FairCLIP: Harnessing Fairness in Vision-Language Learning
- URL: http://arxiv.org/abs/2403.19949v2
- Date: Fri, 5 Apr 2024 20:08:16 GMT
- Title: FairCLIP: Harnessing Fairness in Vision-Language Learning
- Authors: Yan Luo, Min Shi, Muhammad Osama Khan, Muhammad Muneeb Afzal, Hao Huang, Shuaihang Yuan, Yu Tian, Luo Song, Ava Kouhana, Tobias Elze, Yi Fang, Mengyu Wang,
- Abstract summary: We introduce the first fair vision-language medical dataset that provides detailed demographic attributes, groundtruth labels, and clinical notes.
As the first fair vision-language medical dataset of its kind, HarvardFairMed holds the potential to catalyze the development of machine learning models that are both aware and clinically effective.

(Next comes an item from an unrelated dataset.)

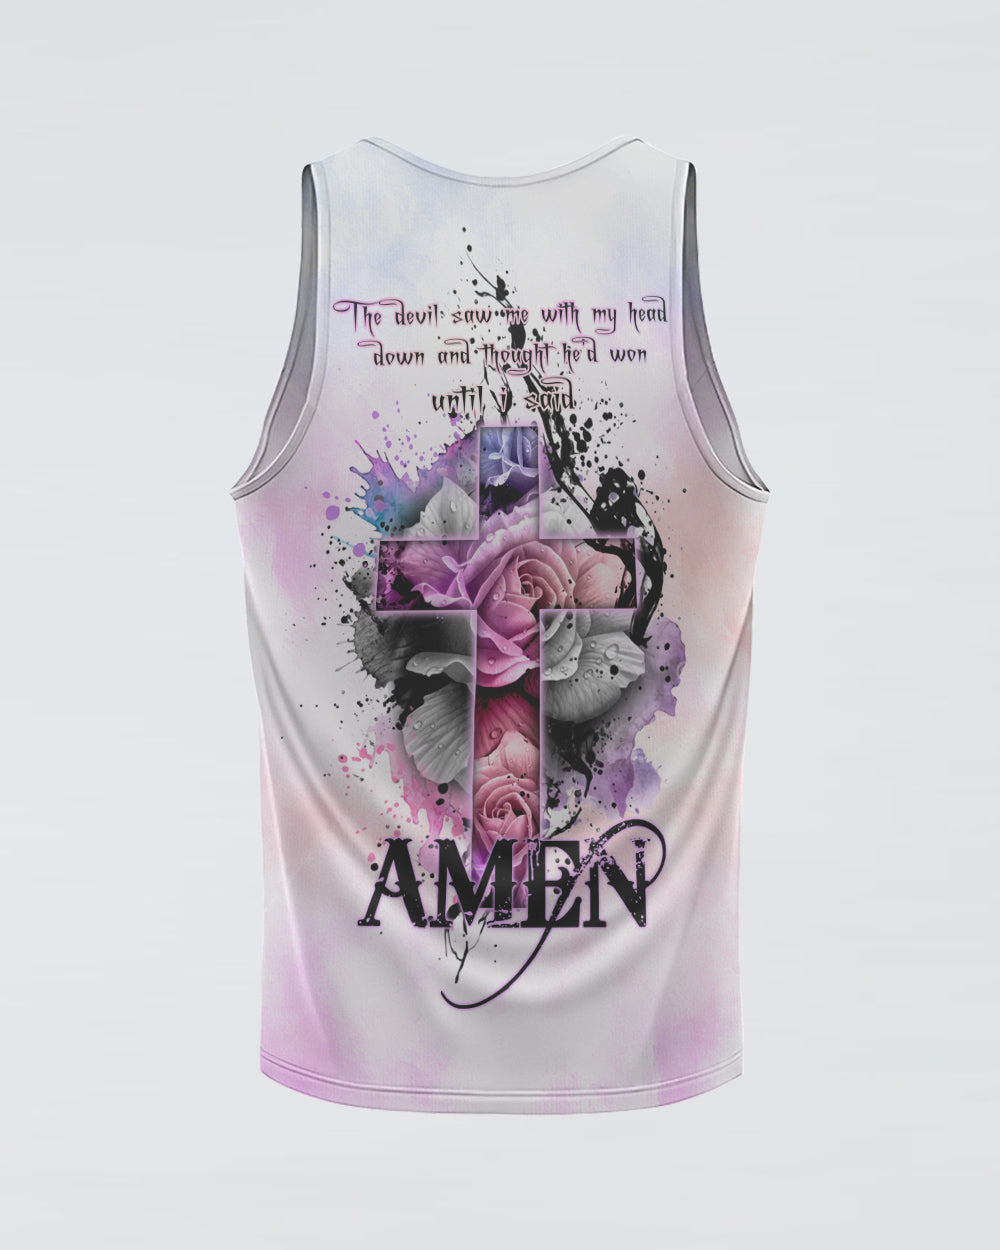 The Devil Saw Me With My Head Down Rose Cross Women's Christian Tanks

- Score: 20.743027598445796
- License: http://creativecommons.org/licenses/by-nc-nd/4.0/
- Abstract: Fairness is a critical concern in deep learning, especially in healthcare, where these models influence diagnoses and treatment decisions. Although fairness has been investigated in the vision-only domain, the fairness of medical vision-language (VL) models remains unexplored due to the scarcity of medical VL datasets for studying fairness. To bridge this research gap, we introduce the first fair vision-language medical dataset Harvard-FairVLMed that provides detailed demographic attributes, ground-truth labels, and clinical notes to facilitate an in-depth examination of fairness within VL foundation models. Using Harvard-FairVLMed, we conduct a comprehensive fairness analysis of two widely-used VL models (CLIP and BLIP2), pre-trained on both natural and medical domains, across four different protected attributes. Our results highlight significant biases in all VL models, with Asian, Male, Non-Hispanic, and Spanish being the preferred subgroups across the protected attributes of race, gender, ethnicity, and language, respectively. In order to alleviate these biases, we propose FairCLIP, an optimal-transport-based approach that achieves a favorable trade-off between performance and fairness by reducing the Sinkhorn distance between the overall sample distribution and the distributions corresponding to each demographic group. As the first VL dataset of its kind, Harvard-FairVLMed holds the potential to catalyze advancements in the development of machine learning models that are both ethically aware and clinically effective. Our dataset and code are available at https://ophai.hms.harvard.edu/datasets/harvard-fairvlmed10k.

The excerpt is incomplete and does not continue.